Saseno is the Italian name for Sazan Island (Sazani; Saseno) which is a small island strategically located between the Strait of Otranto and the entrance to the Bay of Vlorë in Albania.

==Historical background==
After the end of the Second Balkan War in 1913, Italy and Austria-Hungary pressed Greece to evacuate the southern part of modern Albania. Finding the island too unimportant to risk war with Italy, Greece evacuated it and it was in turn occupied by Italy on 30 October 1914. Italy posted a military commander on the island. This was later ratified on 26 April 1915 by the secret Treaty of London.

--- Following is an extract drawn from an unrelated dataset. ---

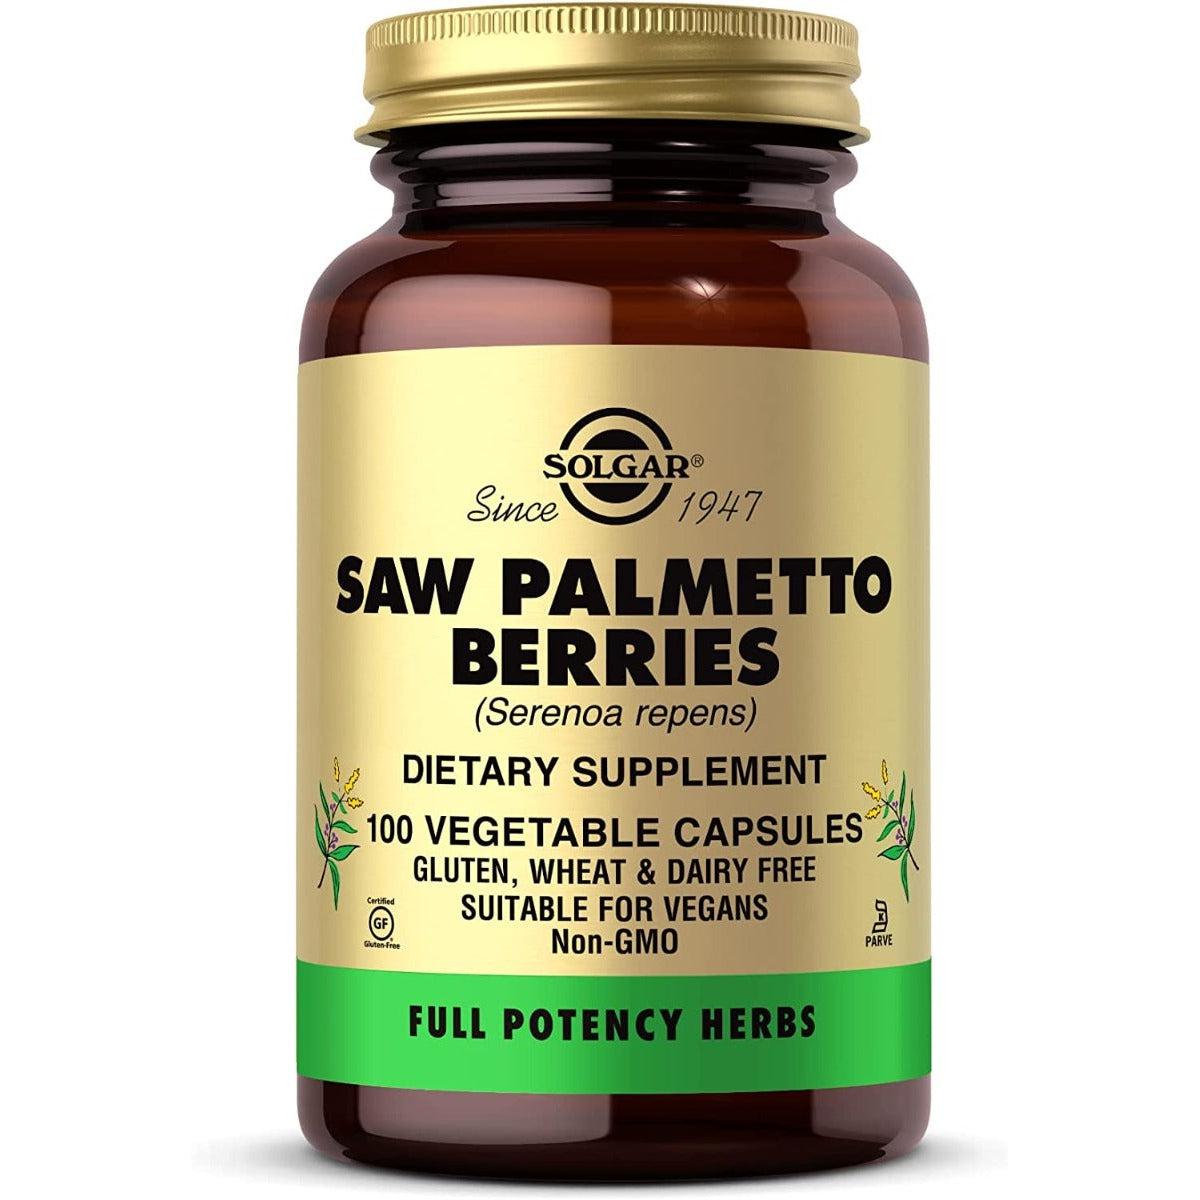 Solgar Saw Palmetto Berries Full Potency Non-GMO Vegan Gluten Free Dairy Free 100 Veg Capsules

After World War I, Albania formally ceded the island to Italy on 2 September 1920 as part of the Albano-Italian protocol. The island remained part of Italy from 1920 until 1947 when it was returned to Albania.

==Italian postage==
During most of this period, postage stamps of Italy were in use. However, in 1923, eight contemporary stamps of Italy were overprinted "SASENO" by the Sazan Island post office for local use. These are all definitive types which show a portrait of King Victor Emmanuel III of Italy and are denominated in the Italian currency of 100 centesimi (c.) to one lira with values of 10c., 15c., 20c., 25c., 30c., 50c., 60c. and 1 lira. The values have individual colouring, mainly using shades of orange, brown and blue.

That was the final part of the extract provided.